Giavotella was called up to the majors for the first time on August 5, 2011. On August 7, 2011, Giavotella hit his first major league career home run off the Detroit Tigers' Max Scherzer. Giavotella would finish the 2011 season with 2 home runs and 21 RBI's in 46 games. In 2012, Giavotella split time between the majors and in AAA with the Royals. The Royals recalled Giavotella on June 29, 2013, after Jeff Francoeur was designated for assignment. Giavotella was designated for assignment on December 18, 2014. Giavotella's 2014 season was marred with inconsistency as he was called up to the Royals roster for just 12 games, hitting .216 while not displaying improvement since his rookie year.

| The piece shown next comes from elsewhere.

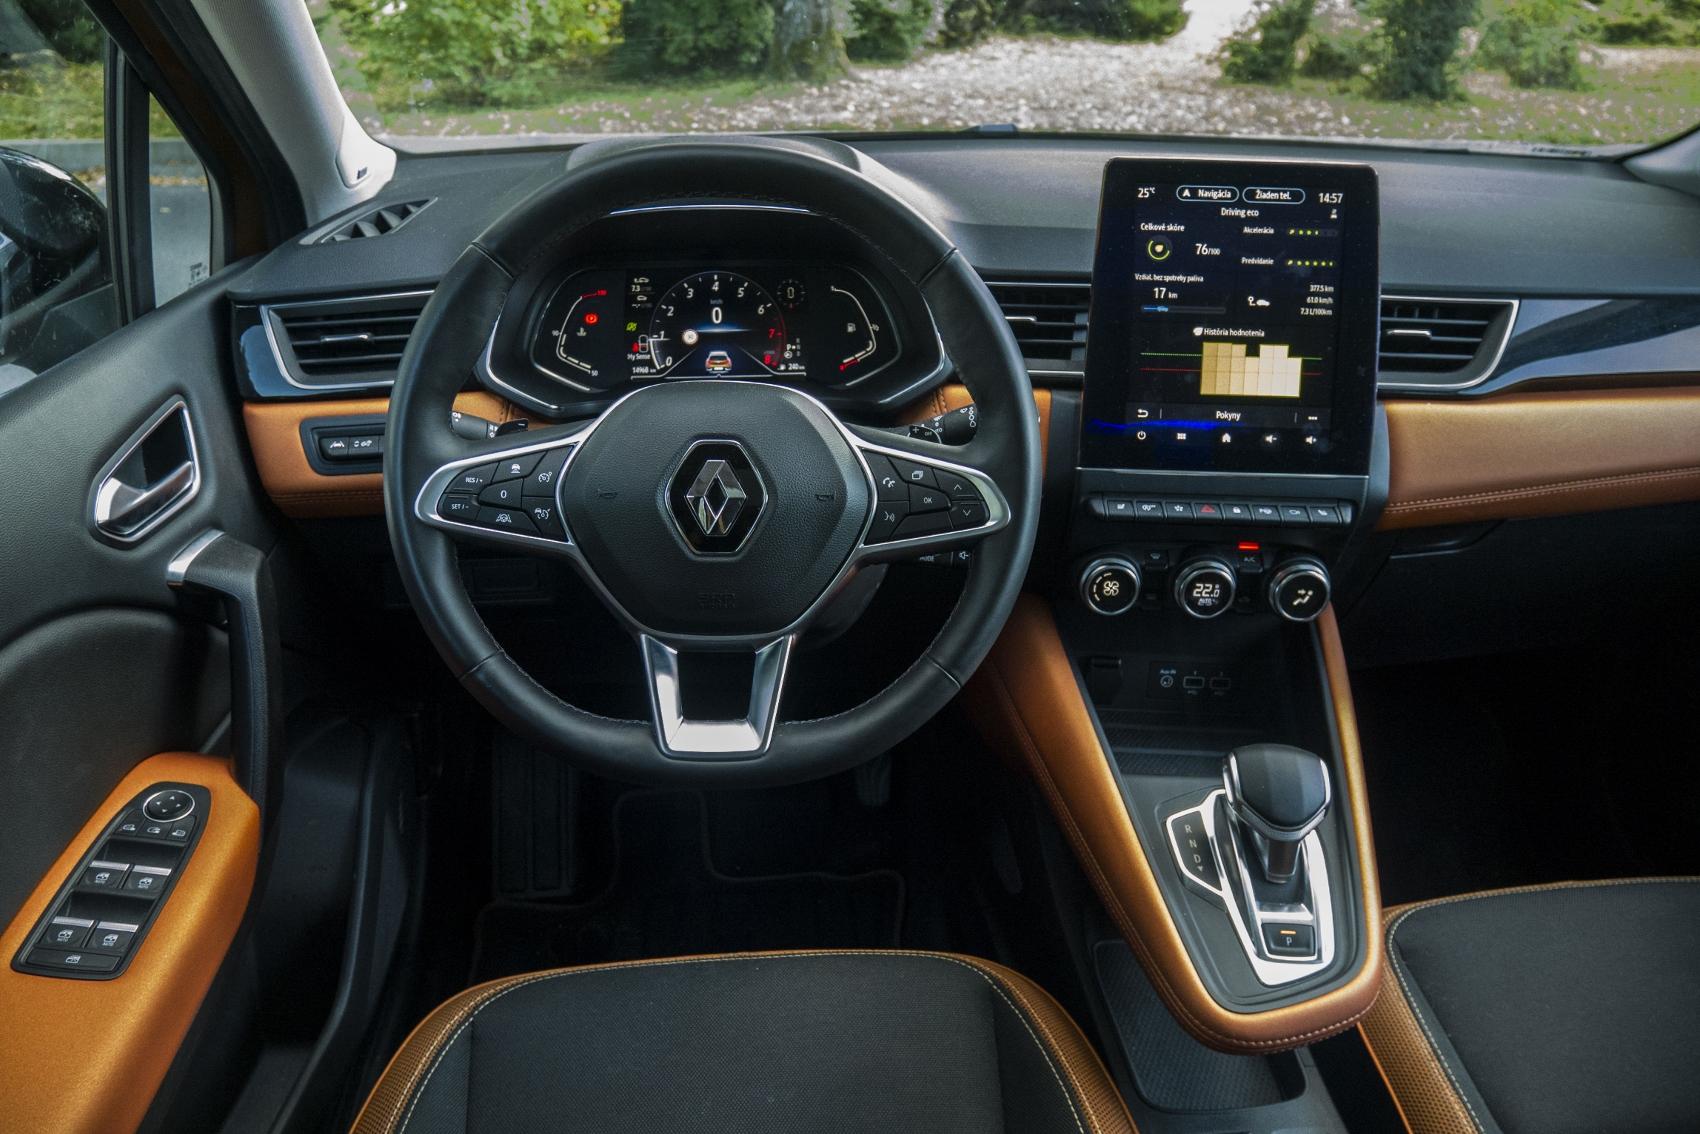 Test: V interiéri sa Renault Captur tvári ako o triedu drahšie auto hn3IhIsHSN renault-captur-24

===Los Angeles Angels of Anaheim / Los Angeles Angels===
On December 19, 2014, Giavotella was traded to the Los Angeles Angels of Anaheim in exchange for Brian Broderick. The Angels faced a stiff competition in spring training for the 2nd base position, as he battled against fellow infielders Josh Rutledge and Grant Green. After besting the competition, Giavotella cracked the opening day roster for the first time in his career. The 2015 season saw Giavotella manning second base for the majority of the season, setting career highs in every offensive category. In 2016, while he improved his defense dramatically from the prior season, Giavotella was designated for assignment towards the end of the month of August and was not called up when rosters expanded in September. Giavotella would finish his 2016 season with a career high 6 home runs and a .260 AVG in 99 games.

===Baltimore Orioles===
On February 1, 2017, Giavotella signed a minor league contract with the Baltimore Orioles. In July, the Orioles selected his contract and added him to the active roster. With an injury to starting shortstop J. J. Hardy, and a 5-game losing streak heading into the All-Star break, the team's looking for help in the field and at the plate. The 29-year-old infielder had been hitting .306/.368/.441 with 22 doubles, four triples, five homers and 45 RBIs in 83 games for Norfolk. His .306 average ranked him fourth in the International League. Orioles manager Buck Showalter said of him: “There’s no one who plays the game harder than Johnny . . [Norfolk manager Ron Johnson] said he was their best hitter, so we’ll bring him up here, see if there’s a need for what he brings.” On August 1, Giavotella was designated for assignment.

===Miami Marlins===
On December 1, 2017, Giavotella signed a minor league deal with the Miami Marlins. He was released from the organization on May 2, 2018.

===Chicago White Sox===
On May 12, 2018, Giavotella signed a minor league contract with the Chicago White Sox. He was released on June 21, 2018. Giavotella announced his retirement on August 11.

=== University Of New Orleans - General Manager ===
On August 12, 2025, Giavotella was named the first general manager of the Privateers baseball program. Giavotella said of the hiring: "I am incredibly honored to be the first General Manager of the University of New Orleans baseball program, I look forward to sharing my 11 years of professional experience and knowledge with the players and coaches in this locker room."